3.10 ASSIGNMENT. This Agreement shall be binding upon and inure to the
benefit of the parties hereto and their respective successors and assigns;
provided, however, that no assignment or other transfer shall be made without
the prior written approval of each of the parties hereto.
3.11 NO THIRD PARTY BENEFICIARIES. Except as otherwise provided herein,
this Agreement is solely for the benefit of the parties hereto and their
respective Affiliates and no provision of this Agreement shall be deemed to
confer upon third parties any remedy, claim, liability, reimbursement, claim of
action or other right in excess of those existing without reference to this
Agreement.
3.12 SEVERABILITY. If any provision of this Agreement is deemed to be
invalid, illegal or unenforceable by an arbitrator, a court of competent
jurisdiction or other governmental authority, the remainder of this Agreement
shall remain in full force and effect or shall be reasonably construed to carry
out the intent of the parties as expressed herein. This Agreement shall be
construed according to its fair meaning, with the language used herein deemed to
be the language chosen by the parties to express their mutual intent, and no
presumption or rule of strict construction shall be applied against any party
hereto.
3.13 PREAMBLE AND RECITALS. The Parties acknowledge the accuracy and
correctness of the preamble and recitals hereto and such preamble and recitals
are hereby incorporated by reference as if set forth herein at length.
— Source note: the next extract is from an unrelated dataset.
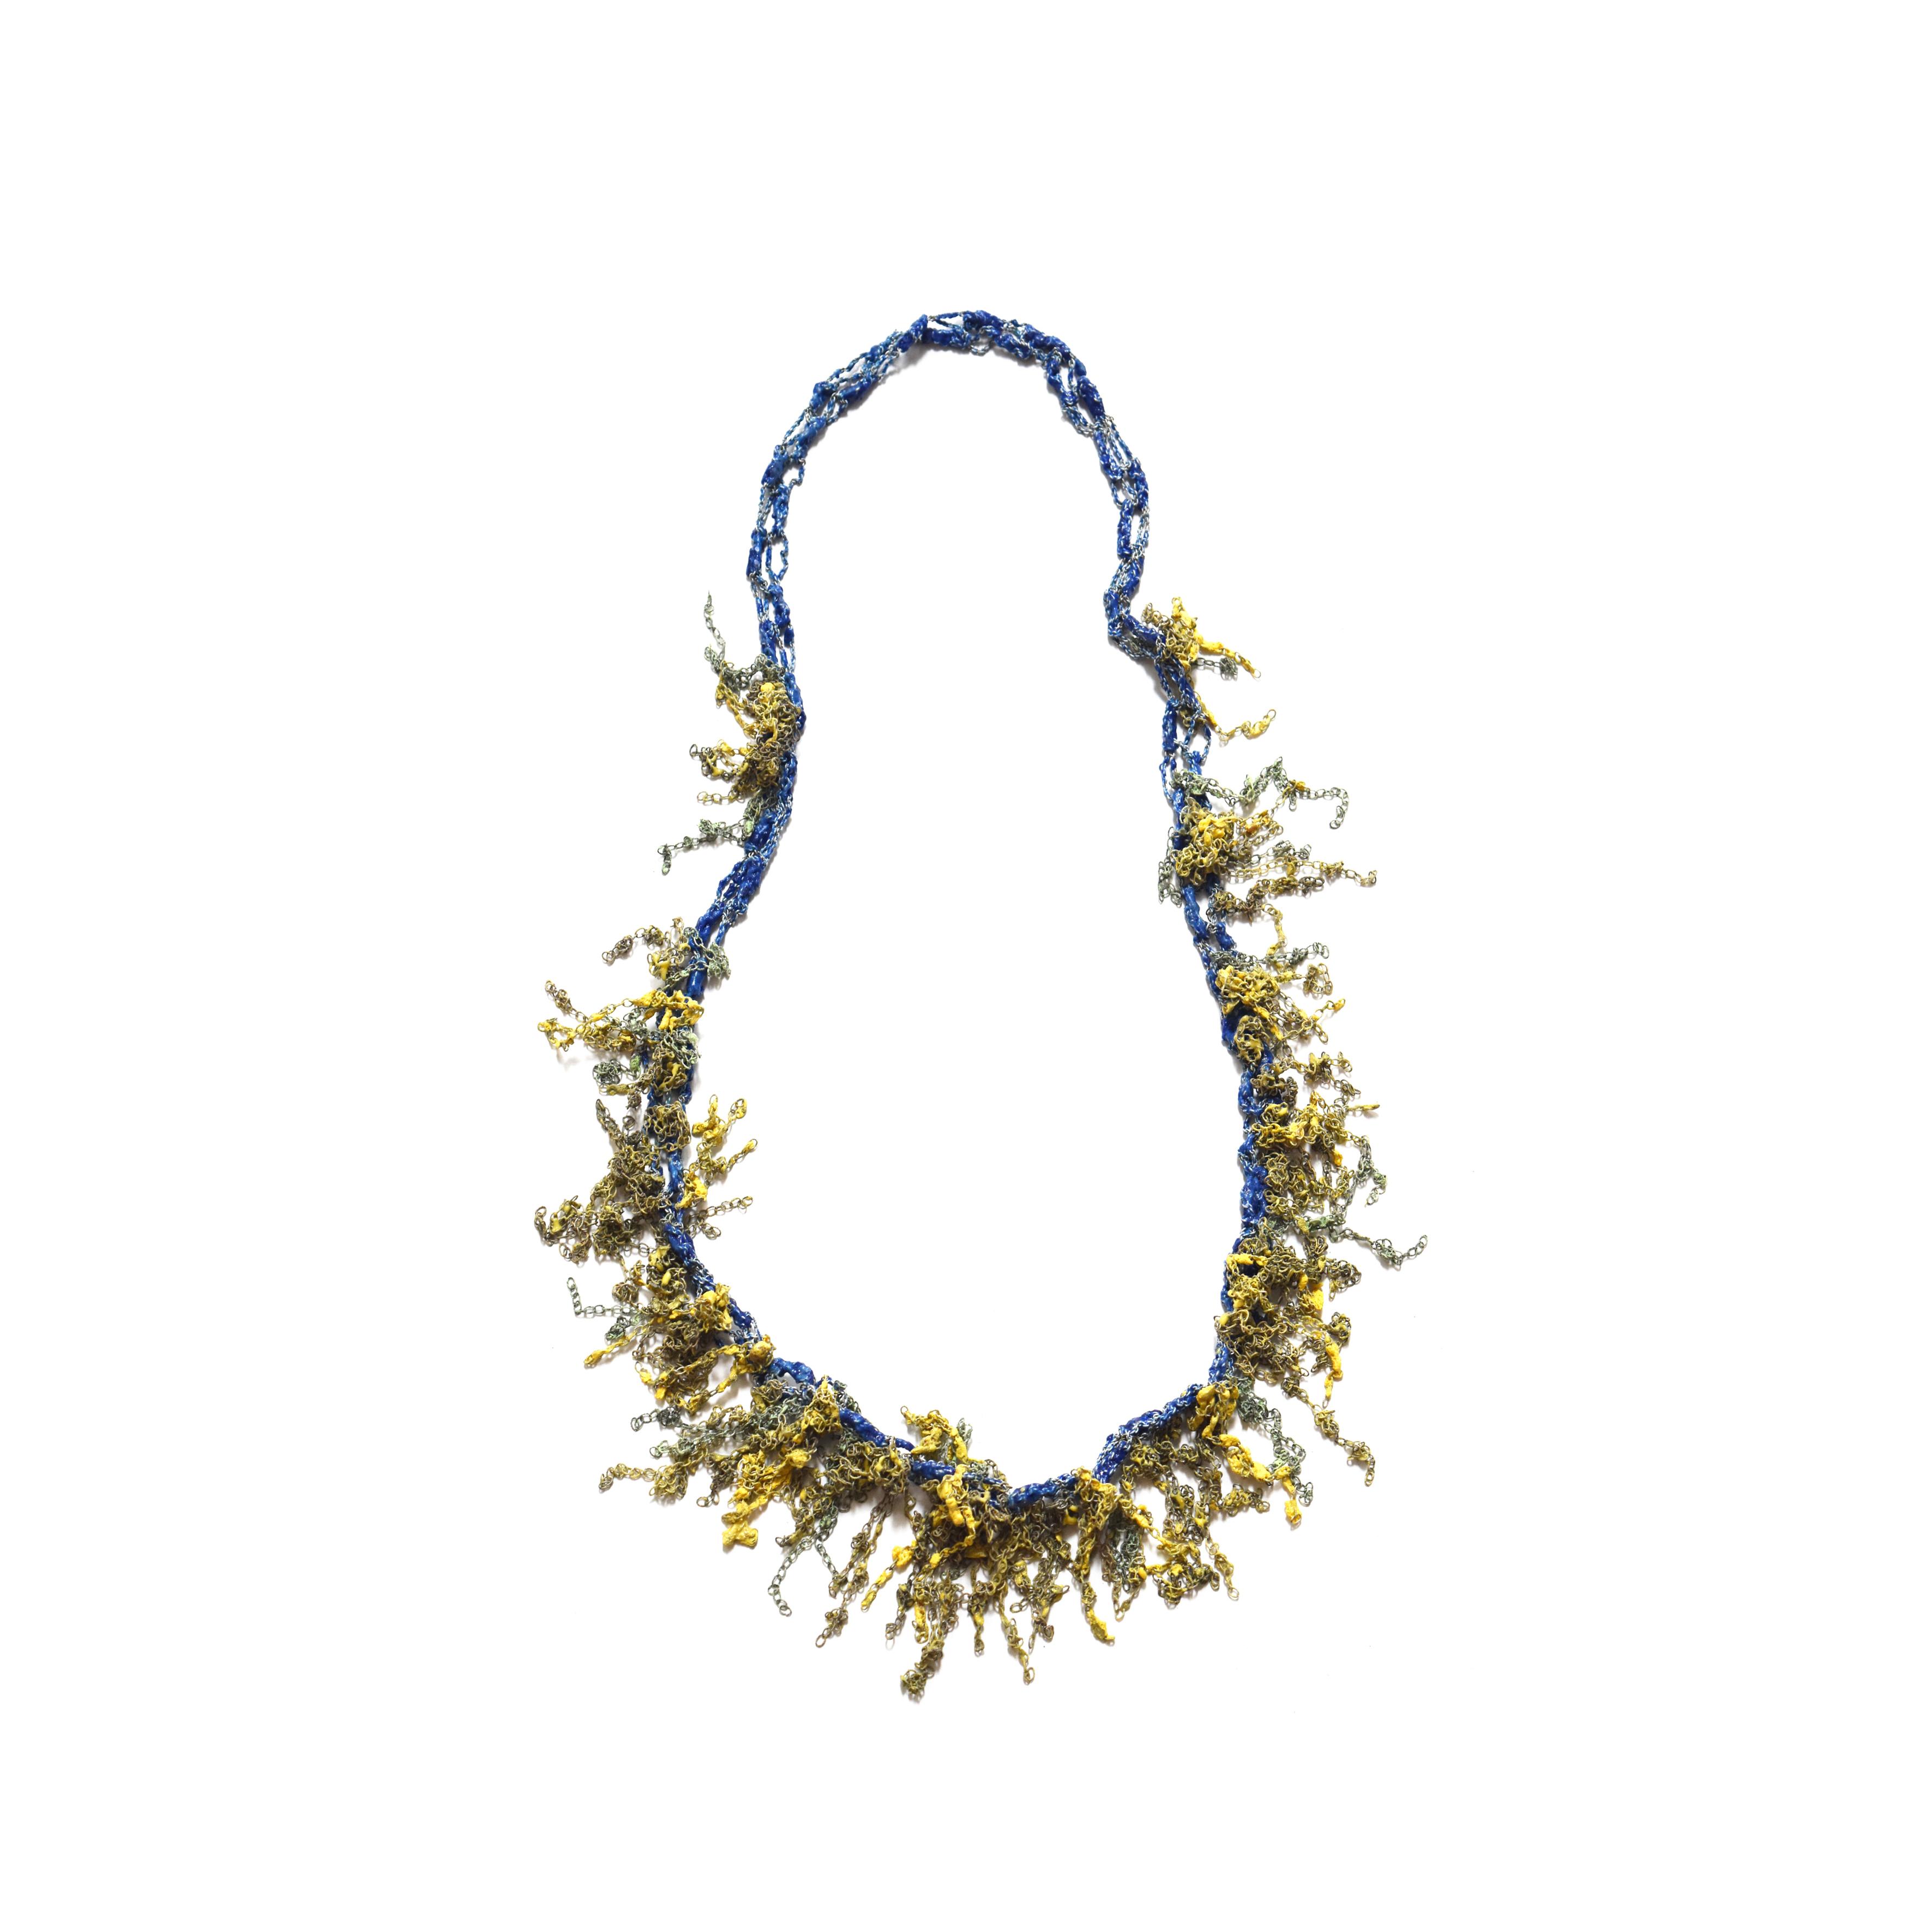 Mimosa Springtime,Necklace 2016

3.14 CAPITALIZED TERMS. Any capitalized terms not defined herein shall
have the meaning given them in the Master Agreement.
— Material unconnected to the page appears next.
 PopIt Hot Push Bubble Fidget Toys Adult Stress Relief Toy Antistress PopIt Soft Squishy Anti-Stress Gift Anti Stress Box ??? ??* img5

THE REMAINDER OF THIS PAGE IS INTENTIONALLY BLANK
SIGNATURE PAGE TO FOLLOW
IN WITNESS WHEREOF, the Company, AWK and the VisionComm Shareholders have
executed and delivered this Agreement as of the date first above written.
ANOTHER WORLD, INC. CHEQUEMATE INTERNATIONAL INC.
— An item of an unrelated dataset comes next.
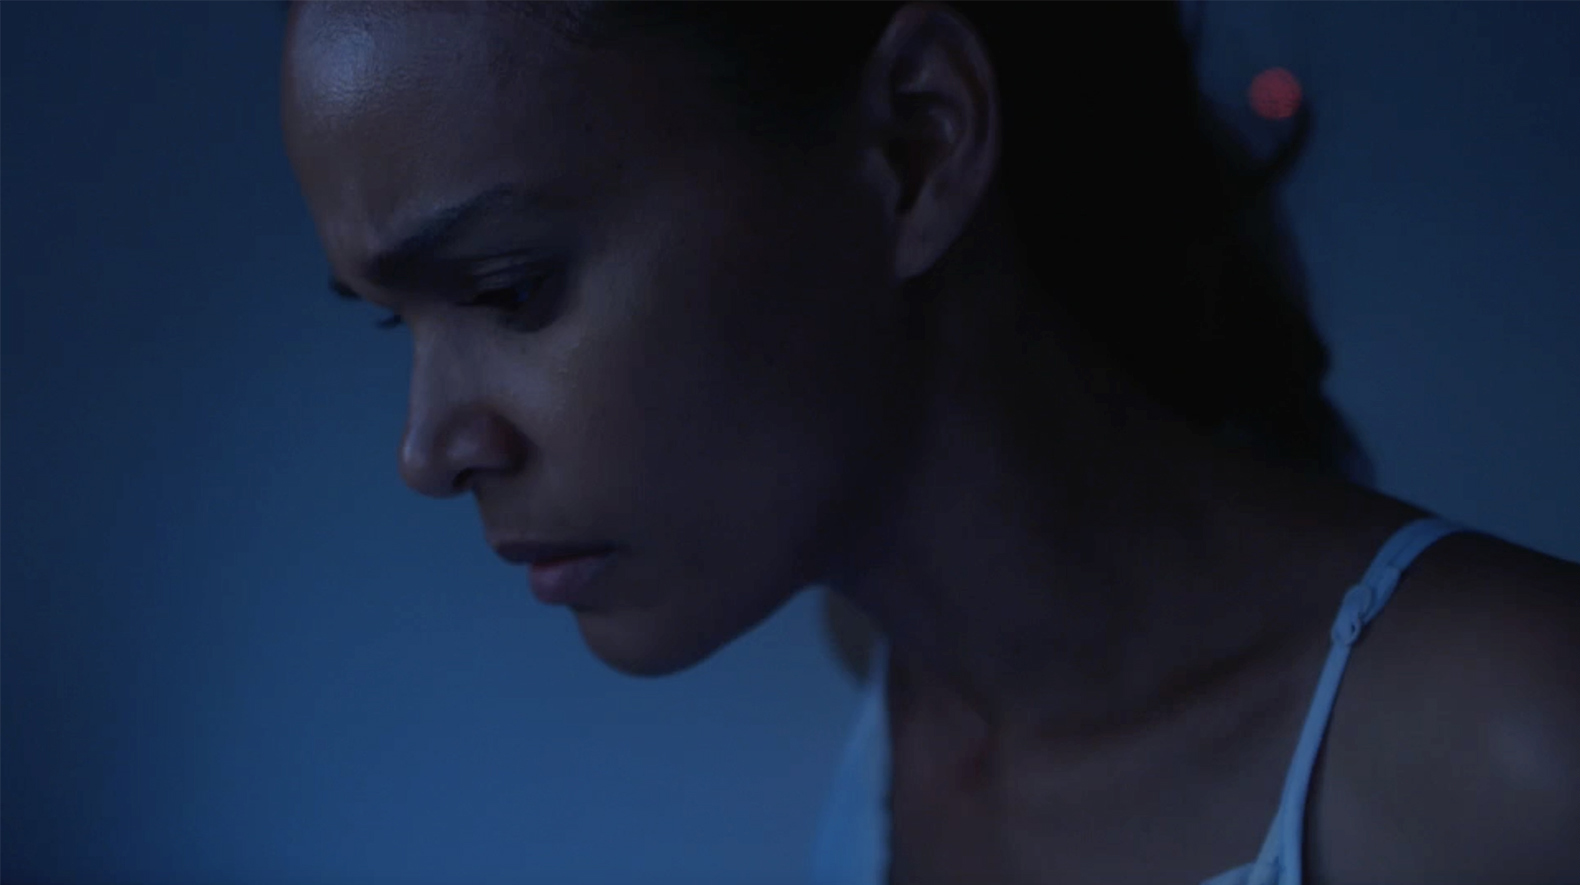 Unspoken | By Danae Grandison | Jamaica

By: ___________________________ By:_________________________________
Name: Name:
VISIONCOMM SHAREHOLDERS
_______________________________ ____________________________________
NAME: XXXXXXX X. XXXXXXXXXX NAME: XXXXXX X. XXX
_______________________________ ____________________________________
NAME: XXXXXXXX X. XXXX NAME: XXXXX XXX XXXXXX-XXXXXXXXXX
_______________________________ ____________________________________
NAME: XXXXX X. XXXXXX NAME: XXXXX XXXXXXXXX, XX.